– Выведите ее отсюда, – процедил Лукас сквозь зубы, обращаясь к Брутусу, глаза его зловеще сверкали.
– Это очень важно, Лукас.
Когда она назвала его по имени, его так и передернуло. Затем, судорожно вздохнув, словно пытаясь совладать с силой, которая так и била в нем ключом, он произнес:
– Отведите ее в мои апартаменты. Я поговорю с ней там.
– Ваши апартаменты?
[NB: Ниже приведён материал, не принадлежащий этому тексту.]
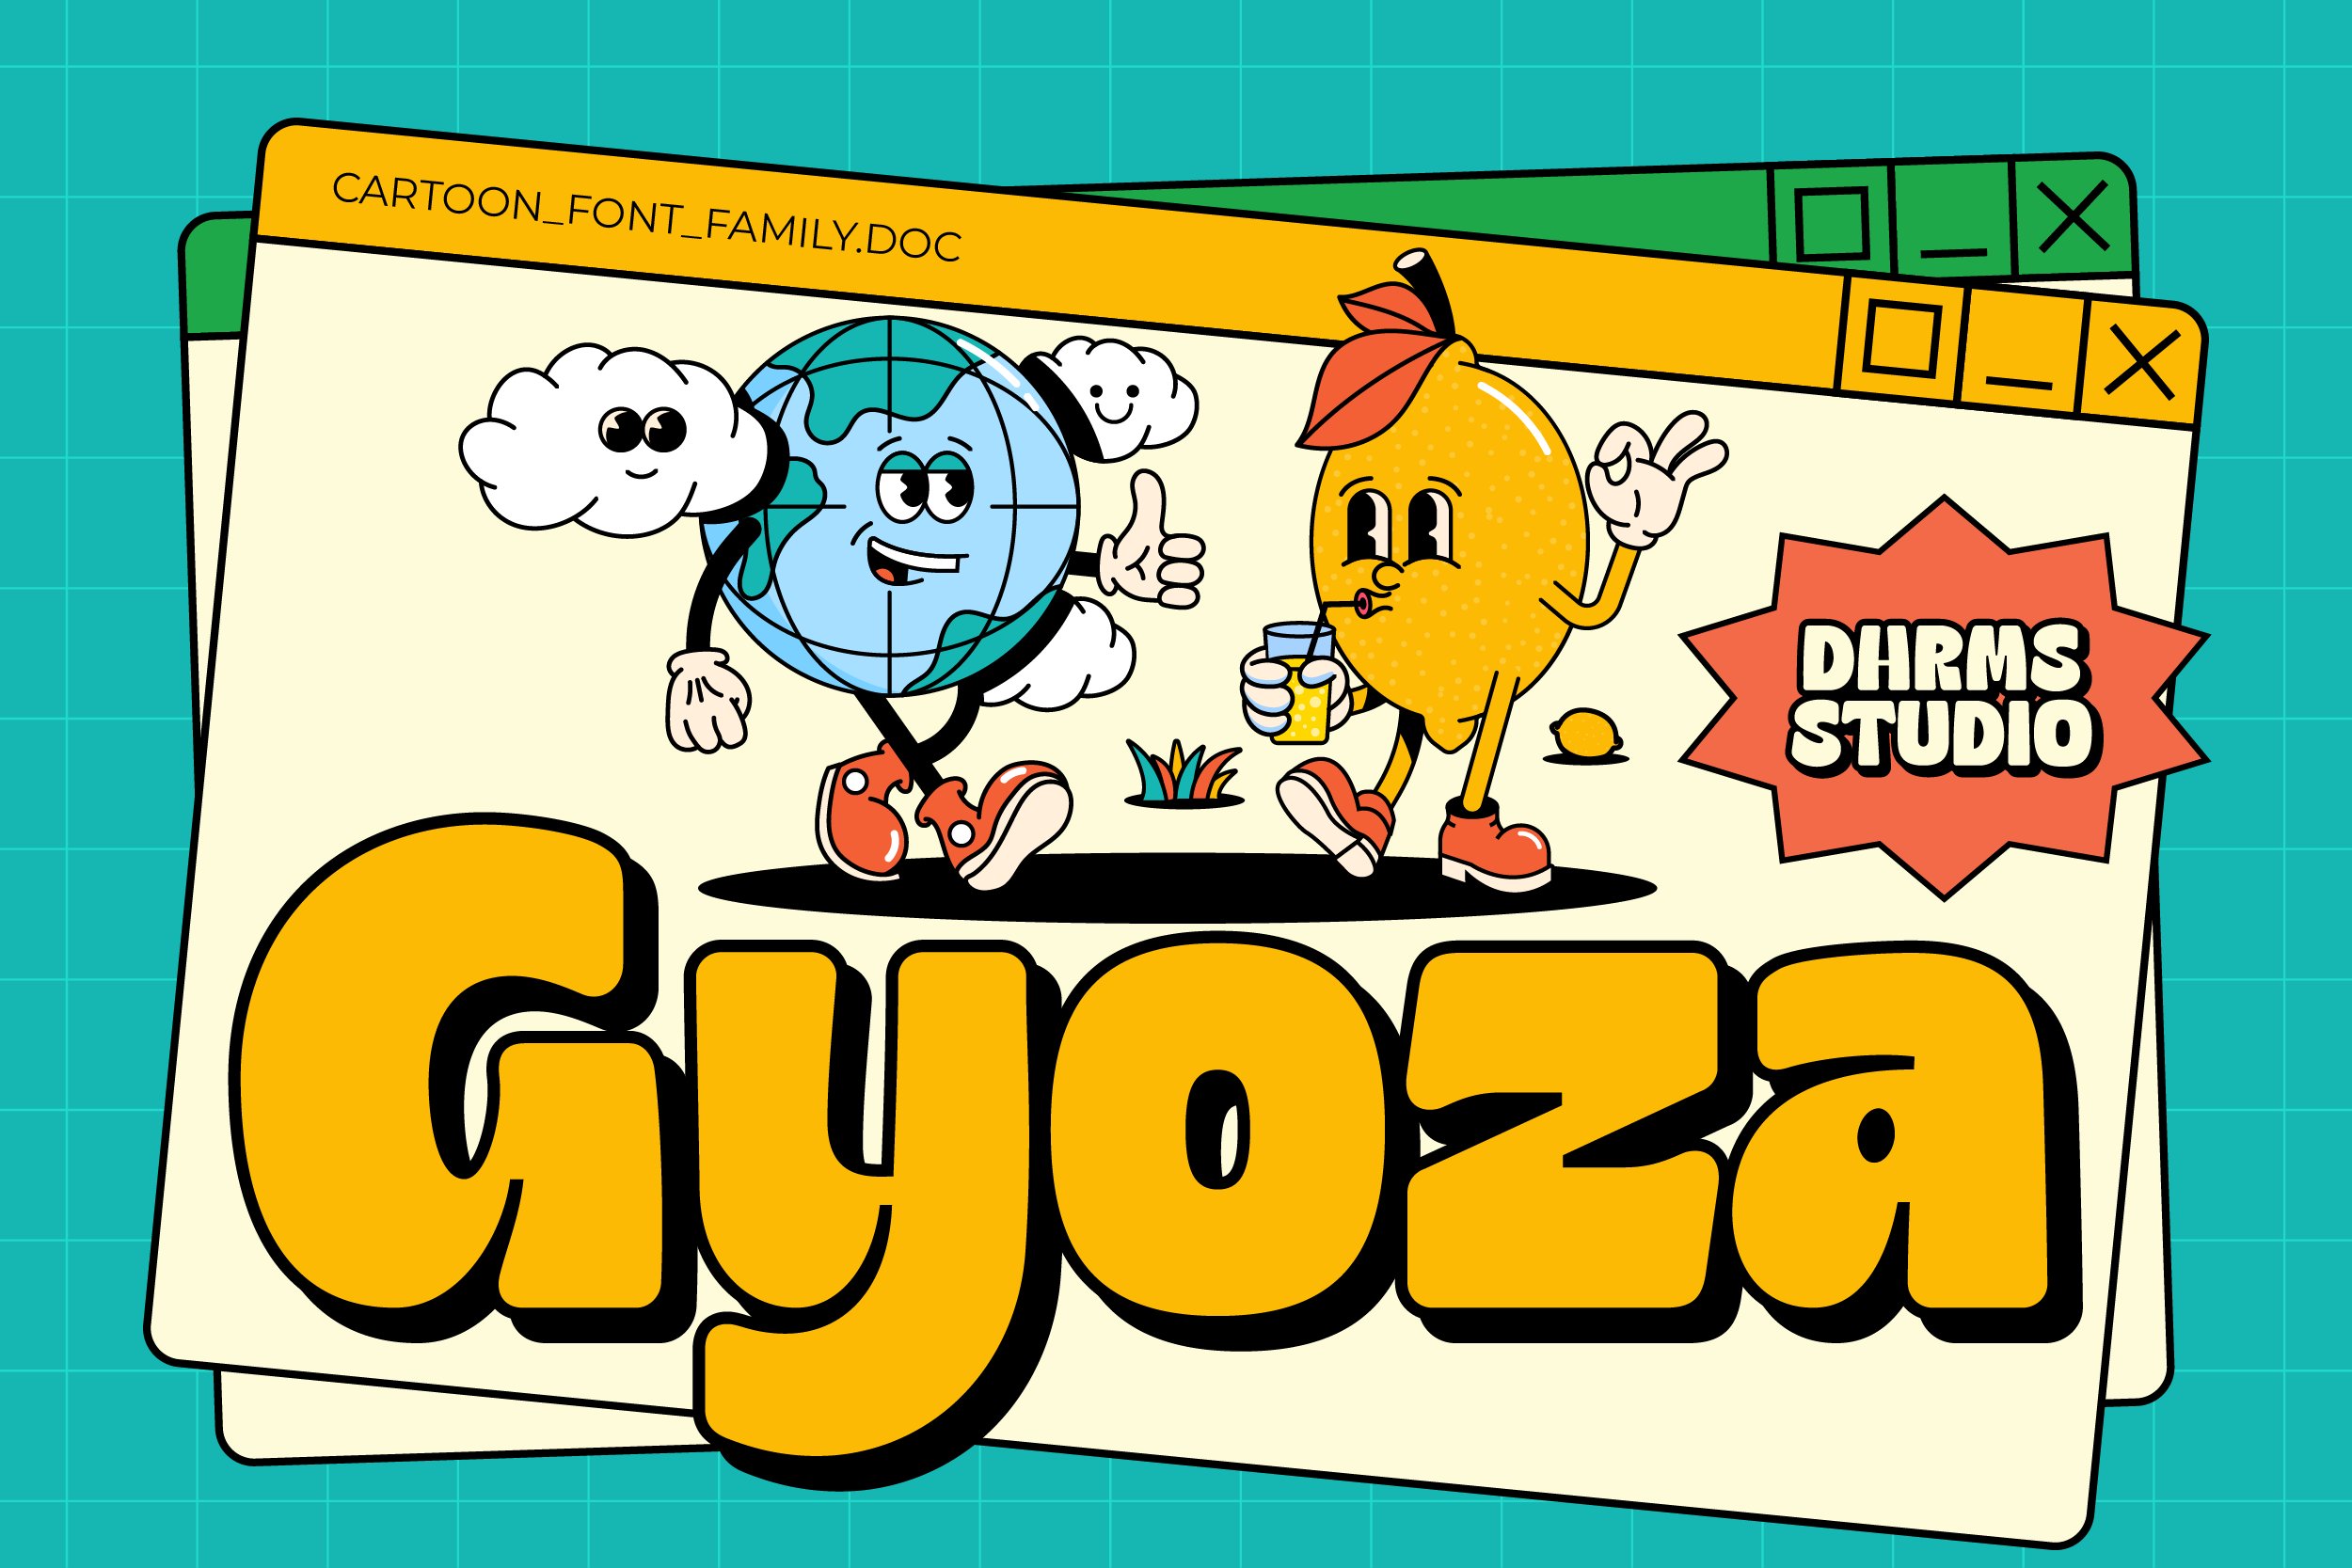 Gyoza - Cartoon Font Family cover image.

Вы имеете в виду вашу спальню?
Ее охватило волнение не менее сильное, чем гнев, бурливший в этой комнате всего несколько мгновений назад.
– С каких это пор вас вдруг стали заботить приличия? – насмешливым тоном осведомился Лукас.
Очко в его пользу.
– Просто это место мне кажется менее… подходящим.
– Подходящим? – Он посмотрел на нее так, словно она окончательно лишилась рассудка. – Или в моих апартаментах, или нигде.
По-видимому, он и не собирался с ней шутить.
– Хорошо, пусть будет по-вашему.
Голос ее звучал жалобно, но вместе с тем голова пошла кругом от радостного возбуждения при мысли о том, что она увидит его личные покои.
На сей раз Элис безропотно позволила Брутусу вывести ее из комнаты, хотя отдернула руку и гордо приподняла вверх подбородок, когда заметила, что его хватка на ее запястье сделалась крепче.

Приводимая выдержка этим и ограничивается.